Introduction to the Contours
The Contours were an R&B group, one of the first acts the Berry Gordy’s fledgling label Motown had signed. They were formed by Joe Billingslea and Billy Gordon in 1959. The group, who were considered different from Motown’s other smooth, slick top artists, were rough and wild. The band, who had at first been rejected by Gordy at their first audition, gave them a song “Do You Love Me” (after their earlier singles had flopped and Gordy nearly dropped them from his label). “Do You Love Me” was the Contours’ first and biggest R&B hit which even crossed over to the pop chart in 1962. Although the Contours never quite followed the same level of success of their first single, they managed to achieve other Top 40 R&B hits such as “Shake Sherry,” “Can You Do It,” “Can You Jerk Like Me,” “First I Look At The Purse” and “Just A Little Misunderstanding.” The band virtually were gone by the late 1960s, and the early 1970s Billingslea and Gordon reformed the Contours with new members, and at present they still perform for the oldies circuit.
The Contours’ formation and early days
The Contours are an R&B and soul group who was one of the very first acts of the then-fledgling label Motown. They were formed in Detroit, Michigan in 1959. The original lineup consisted of Joe Billingslea, Billy Hoggs, Billy Rollins (who would later be replaced by Leroy Fair), and Hubert Johnson. The group originally started out as the Blenders. When the Contours auditioned for Motown founder and head Berry Gordy, he turned them down. So they enlisted the help of a Gordy associate and R&B star Jackie Wilson, who also happened to be Johnson’s cousin. So in their second audition (singing the same piece), Gordy signed them up in his label.
In 1961, they released their first single “Whole Lotta Woman,” (written by Hoggs and Gordon) which didn’t chart. Soon after the release of their first single, personnel changes occurred — Fair left and was replaced by singer Martha Reeves’ brother Benny, who also himself quit the group for the US Navy service. Benny Reeves was then replaced by Sylvester Potts.
“Do You Love Me” – the Contours’ biggest hit record
Gordy wrote a song for them called “Do You Love Me,” which was reportedly meant for another group The Temptations. But Billingslea later refuted the story.

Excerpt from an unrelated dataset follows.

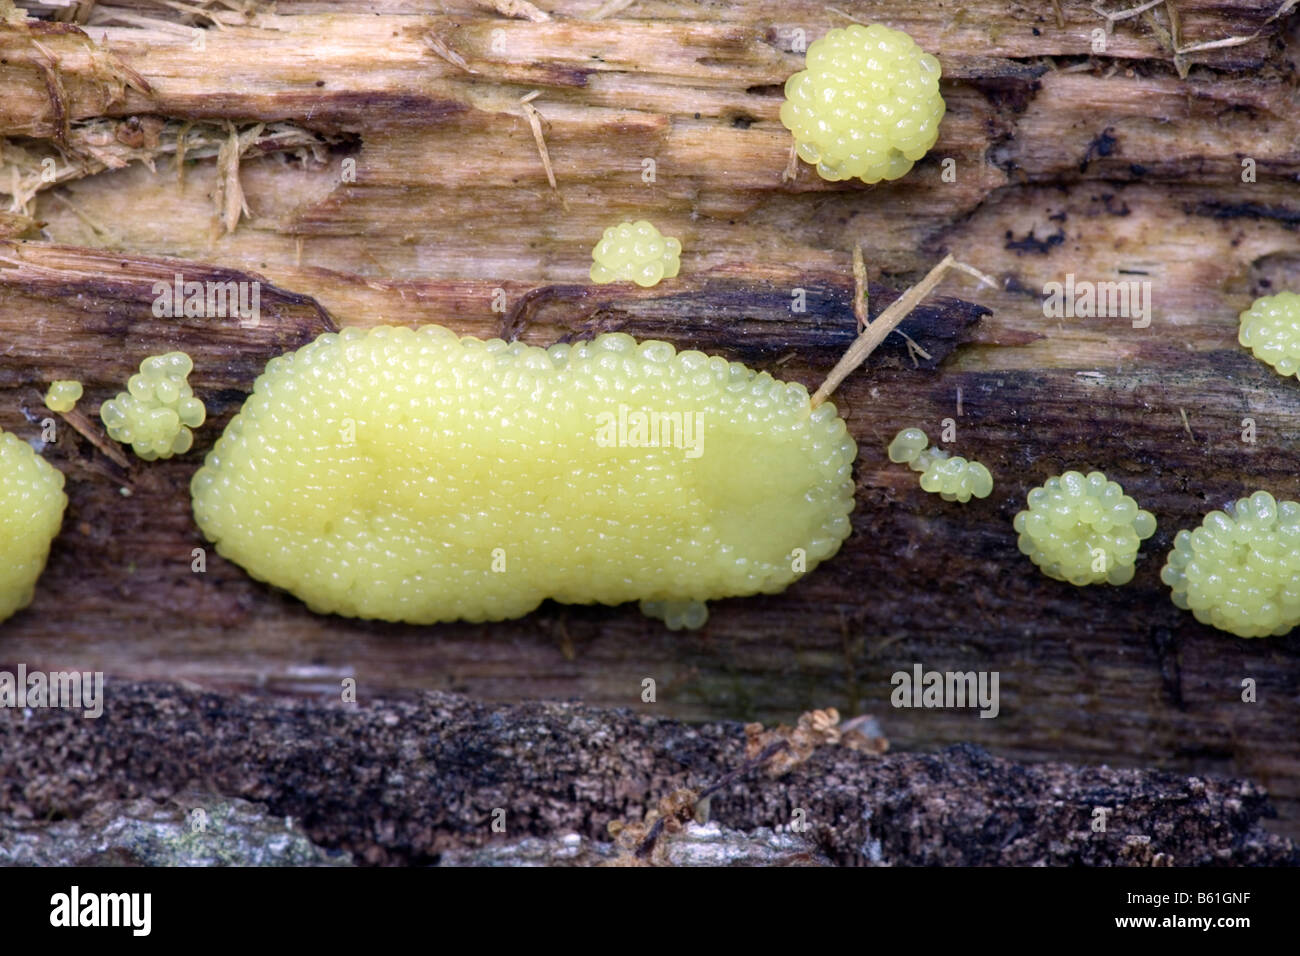 Slime mold on log Stock Photo

“Do You Love Me” was given to the Contours, who had been the first choice to perform it. The single rose to #1 on the R&B singles chart and #3 on the Bilboard Hot 100 in 1962. However, they never managed to sustain the momentum.
The Contours’ other charting singles
“Do You Love Me” was the only biggest hit for the band, and they never got to repeat such success. They missed top 40 hits on the pop charts such as 1962’s “Shake Sherry” (#43 pop, #21 R&B), “Can You Do It” (#41 pop, #16), and “Can You Jerk Like Me”(#47 pop, #15 R&B). They also recorded a song written by Smokey Robinson “First I Look at the Purse” (at #57 pop, #12 R&B in 1965) and a Stevie Wonder-co-written track “Just a Little Misunderstanding” (#85 pop, #18 R&B in 1966).
Becoming “out of place” in Motown
As Motown developed its own slick and sophisticated blueprint that later got them crossover success and fame, the Contours were becoming out of place (and out of favor) from either the public and the label. They had become somewhat of an anomaly in the label. By this time the original quintet had begun to be no longer intact, with Joe Stubbs (brother of Levi Stubbs of the Four Tops) and Dennis Edwards coming in as new members.
Later career: The two Contours
The Contours’ last charting hit was in “It’s So Hard Being a Loser,” which became both a minor pop and R&B hit in 1967, and the following year the Contours disbanded. However, in the early 1970s Billingslea re-formed the group with newer members. The group slowly re-claimed popularity during the 70s and early 80s, mostly through playing for the oldies circutit. Before, they were gigs in their hometown Detroit, and eventually to local and eve international live appearances. Potts re-joined the Contours in the early 1980s. Sad news, though: Johnson committed suicide in 1981.
The sleeper hit film Dirty Dancing featured their popular hit “Do You Love Me” as one of its soundtrack. “Do You Love Me” gained a sort of renaissance on the charts, as the song rose to #11 on the Billboard Hot 100 in 1988.
In the present, Billingslea and Potts have led their own groups with the Contours name, as “The Contours with Joe Billingslea” and “The Contours featuring Sylvester Potts,” respectively. Most of the earlier members had passed away — aside from Johnson in 1981, Joe Stubbs also died in 1998, Gordon in 1999, Fair in 2004, and sometime member Huey Davis (a guitarist for the group) in 2000. Hoggs, who left the group in 1964 to become a minister, is now retired and resides in Michigan.
The Contours were inducted into the Doo-Wop Hall of Fame in 2010.